Здания, улицы, памятники. Люди. История, секреты, легенды — он рассказывал самозабвенно, таскал нас за собой, а мы только ловили каждое слово. Он вышагивал по Невскому — высокий, взъерошенный, быстрый, а за ним бежали мы, две девочки, боясь пропустить взгляд, фразу, жест. Невероятная эрудиция. Глубина. Доброта. Бессребренность. Бескорыстие. Любовь к стране, к родному месту.

Вдохновение его усилилось в музее Достоевского, куда он нас в итоге привел. Пионтек принимал самое активное участие в его проектировке. Бескомпромиссный идеалист, максималист, он и здесь рассорился с дирекцией, по крайней мере, сотрудники напряглись, увидев его, а он, как ни в чем не бывало, прочитал нам двоим такую лекцию, что группы оборачивались и слушали, вместе с экскурсоводом…

В ночь перед отъездом мы так и не уснули, потому что он не мог спать. Вытащил все свои чертежи, схемы, акварели (прекрасные!) и три часа рассказывал о своем детище — парке "Человек и Среда". Пионтек верил в него как ребенок: безусловно, безоговорочно. Крупный национальный парк-музей, посвященный истории и культуре народов России. Наверное, не будет этого уже никогда. Однако есть другое — парки, музеи, спроектированные и построенные им по всей стране и за ее пределами…

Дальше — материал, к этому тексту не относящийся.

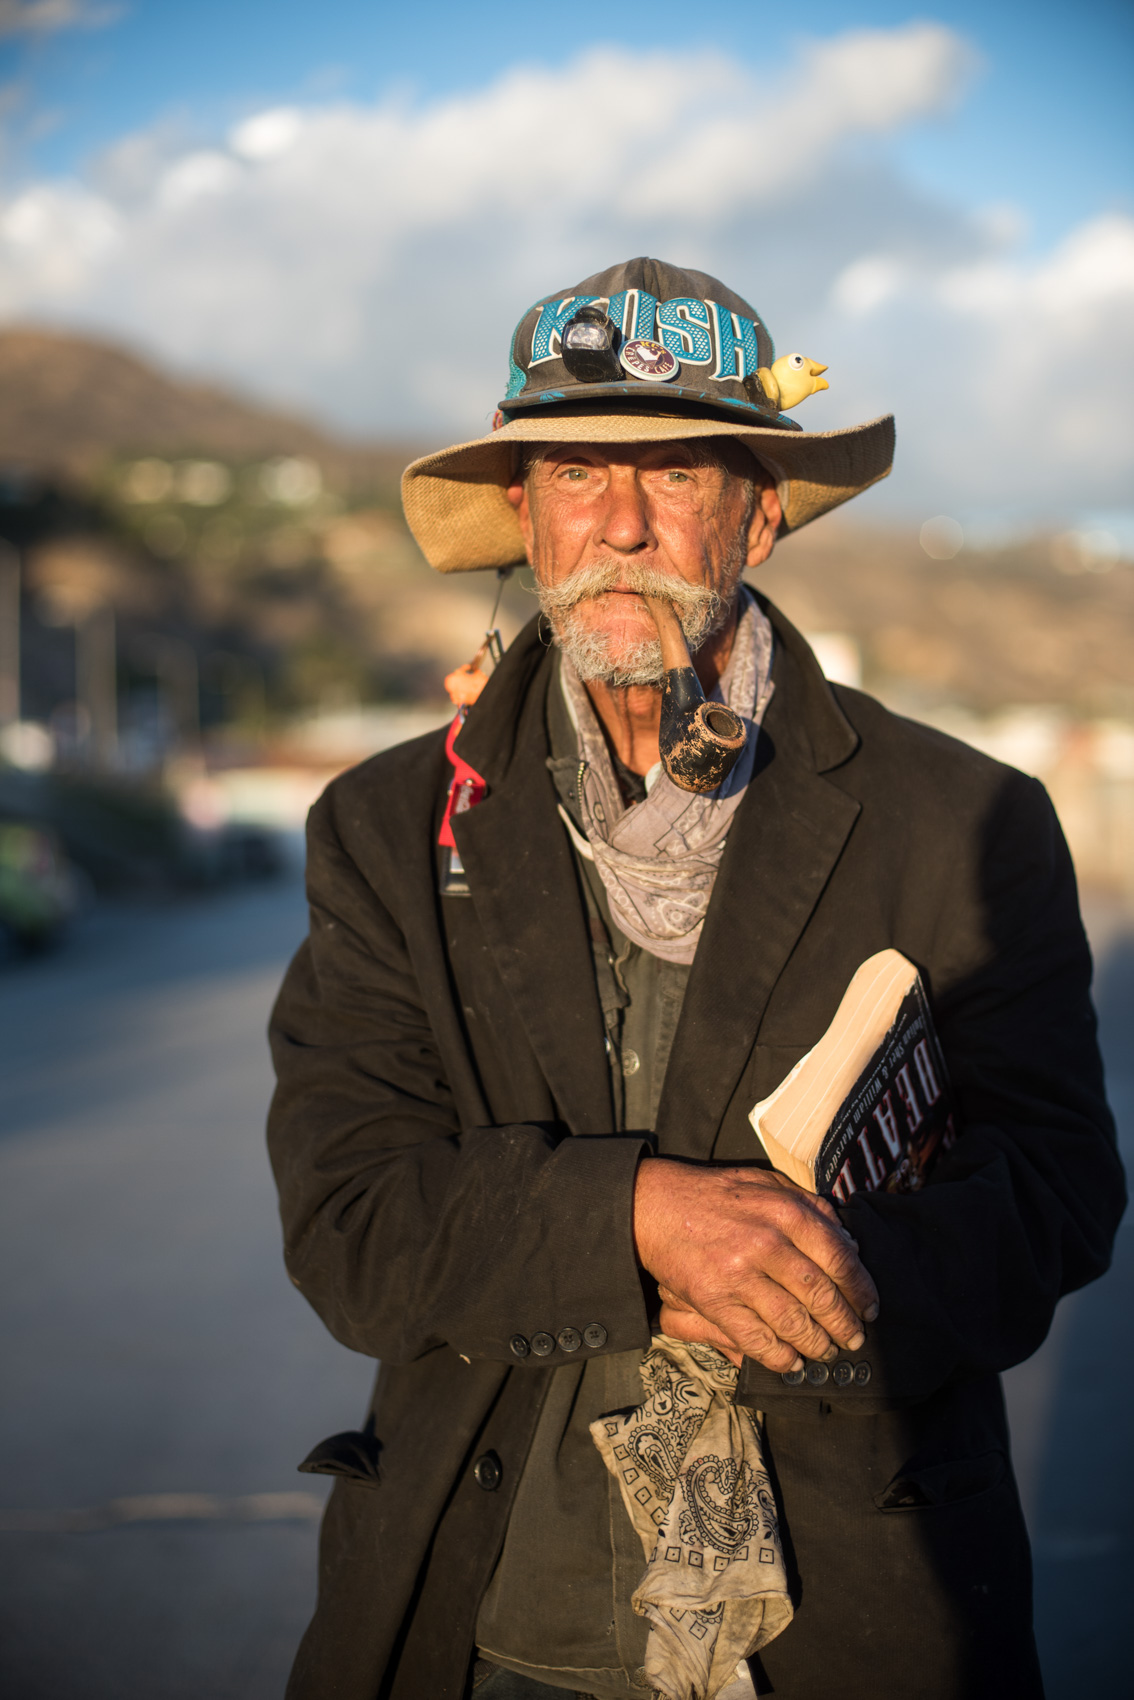 Portrait of a homeless man in Malibu, Calif.

Они очень нуждались, но никогда не попросили бы у нас денег за проживание, так что пришлось, после долгих споров, купить конверт и придумать целую церемонию вручения, а также все возможные варианты уговоров, если откажутся принять.

Их уже нет. Только свет остался. Светлая память.

Они принимали всех, и не было в этом ничего особенного. Они делились и отдавали, и не было в этом ничего особенного. Они жили любовью — к своей стране, ее культуре, друг к другу, и не было в этом…

Ничего особенного — для них»…

Н. Федоров, основоположник русского космизма, к идеям которого прислушивались и Л. Толстой, и К. Циолковский, был похоронен на кладбище Скорбященского монастыря. Могила его в 1929 году была снесена, место утрамбовано под игровую площадку.

Прочитаешь такое, и невольно рвется из души наболевшее: «Отечество родное, что ты так неласково, так сурово к нам, твоим детям, любящим тебя беззаветно до гробовой доски»…

 

Георгий Владимирович практически в одиночку осуществил титаническую работу по сбору и подготовке предметного и иллюстративного материала к своему проекту. Он, как истинный энтузиаст, увлеченный идеей, проводил многочисленные выставки, конференции, доклады, пытаясь достучаться как до общественности, так и до чиновничества, и до научных, ко всему авангардному с подозрительным скепсисом настроенных, кругов. И как-то стало вроде бы складываться — к концу восьмидесятых. К тому же эпоха уже подтаивала со всех сторон, и восторги международного научного сообщества, к которым так всегда чувствительна наша родная общественность, на тот момент помогли.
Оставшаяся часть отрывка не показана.